Home / Markets / News / Morgan Stanley sees emerging markets struggle in 2022 amid rich valuation
Morgan Stanley sees emerging markets struggle in 2022 amid rich valuation
Despite downgrading India, the global research and brokerage house remains 'structurally bullish' on Indian equities and is looking for stock-level opportunities to hold exposure
3 min read Last Updated : Nov 16 2021 | 1:05 AM IST
After downgrading Indian equities recently given their rich valuations, Morgan Stanley sees emerging markets (EMs) ‘struggling’ for returns in calendar year 2022 (CY22) amid rich valuations. Despite downgrading India, the global research and brokerage house remains ‘structurally bullish’ on Indian equities and is looking for stock-level opportunities to hold exposure. Among sectors, it has maintained an overweight stance on the consumer discretionary space.
At the broader level, however, the only exception is Japan where they see expect a double-digit return of 12 per cent (TOPIX target of 2250) in CY22. Among the other regions, Morgan Stanley maintains an overweight position on European and Japanese equities, remains neutral on EMs and underweight on US equities.

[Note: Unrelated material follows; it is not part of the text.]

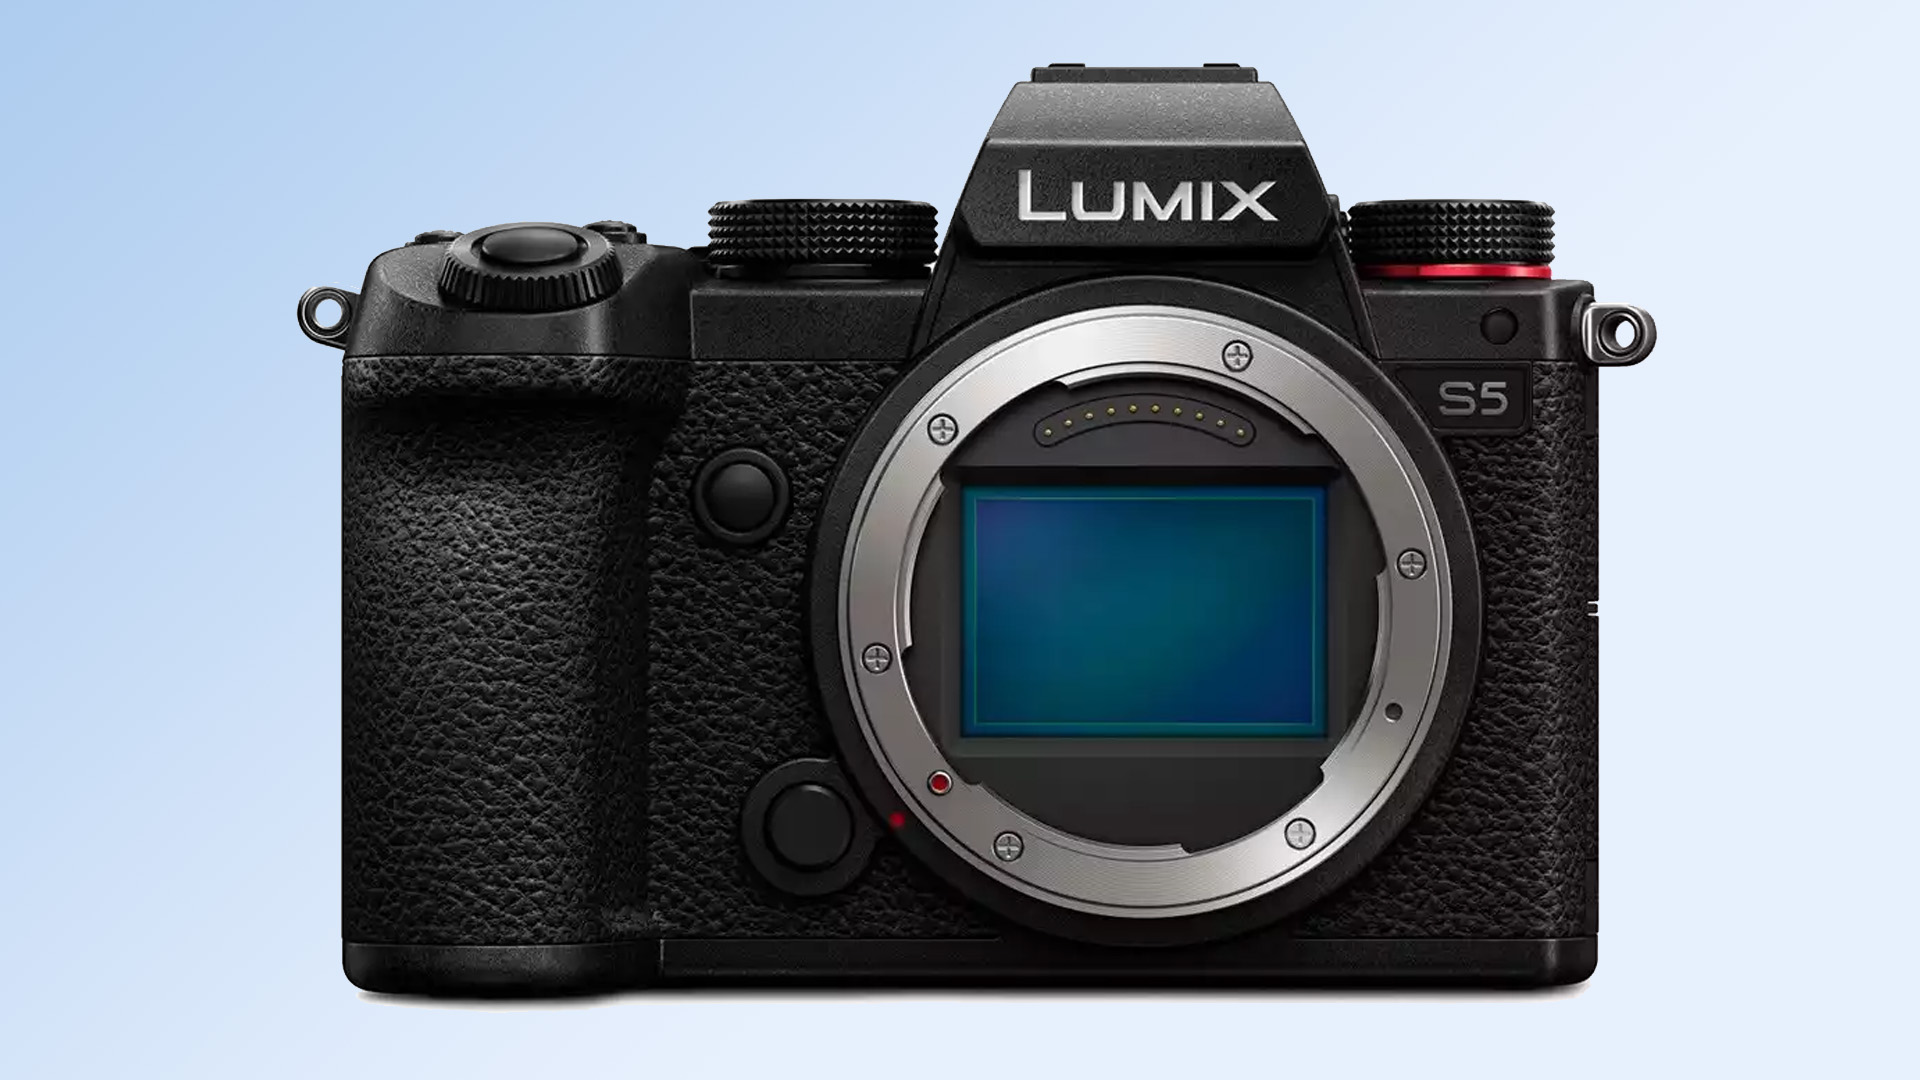 Panasonic Камера Lumix S5 на синем фоне
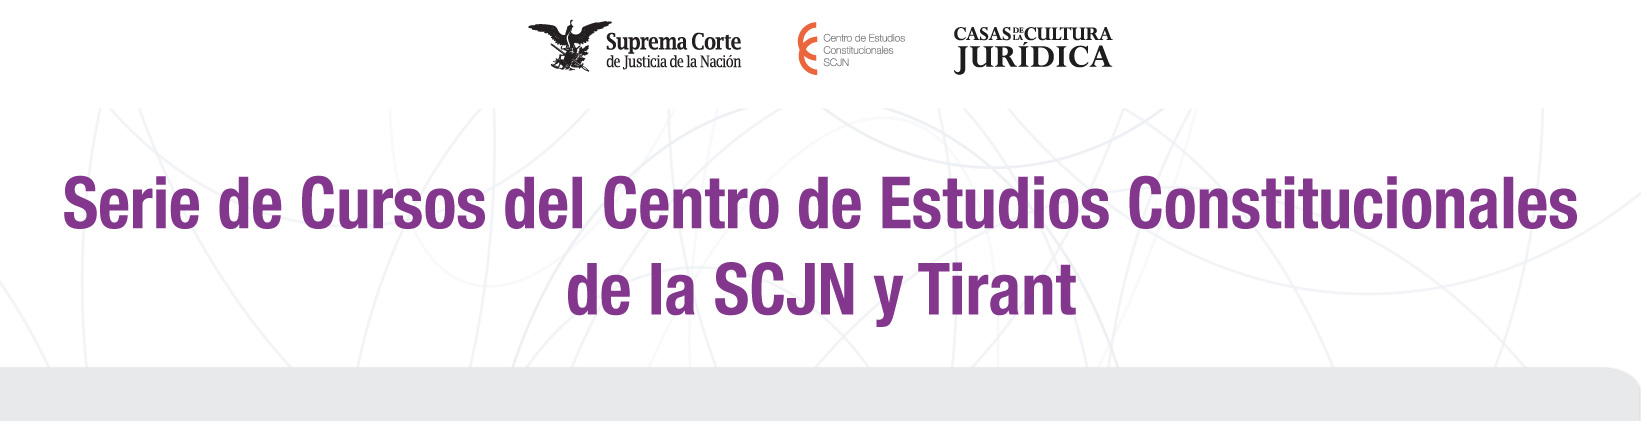 Banner de la Serie de Cursos del Centro de Estudios Constitucionales de la SCJN y Tirant

“EM valuation is cheaper in absolute and relative terms, as forward price/earnings (P/E) fell from over 16x at the peak in January to below 13x now, but remains at 68th percentile of five-year range and far from being outright cheap. We expect EM equities in aggregate to continue to struggle next year, with only 3 per cent upside to our December 2022 target,” wrote analysts at Morgan Stanley in a recent report led by Jonathan F Garner, their chief Asia and emerging market strategist.
Stock selection key
2022, Morgan Stanley said, will be all about stock selection rather than chasing broad market-wide returns. “As in 2021, the opportunity in Asia/EM arises at the individual market and sub-regional level as well as in stock selection. We remain cautious on China equities going into 2022. Valuations are not sufficiently cheap to history or overall EM to combat the further downward move in earnings estimates,” Morgan Stanley said. INDEX-WISE RETURN EXPECTATION
Among sectors, they remain underweight on semiconductors (expressed primarily through Taiwan IT) and China Internet (reflected in the Communication Services GICS sector). Utilities sector is their key underweight, as the brokerage remains cognisant of the elevated regulatory risk (and potential support mechanisms) through the decarbonisation process.
Economic growth
Given the level of vaccination, easing of restrictions and the pent-up demand will lift the overall economic growth rate in the Asian region and pegs the rate of growth at 5.4 per cent in 2022 versus consensus of 5 per cent).
As regards India, Morgan Stanley sees economic growth as measured by the country’s gross domestic product (GDP) at 7.5 per cent as compared to a consensus forecast of 6.8 per cent.
“We see this recovery extending beyond North Asian economies to the rest of the region, led by India and ASEAN,” Morgan Stanley said.
Against the backdrop of a more broad-based recovery in the region, Morgan Stanley expects Asian inflation to pick up moderately in 2022, to 2.3 per cent (vs. 1.7 per cent in 2021) and sees inflation in India average at 5 per cent in 2022. The Reserve Bank of India (RBI), it believes can hike rates in 2022 and sees the repo rate at 5.5 per cent in the fourth quarter of 2022 (Q4-2022).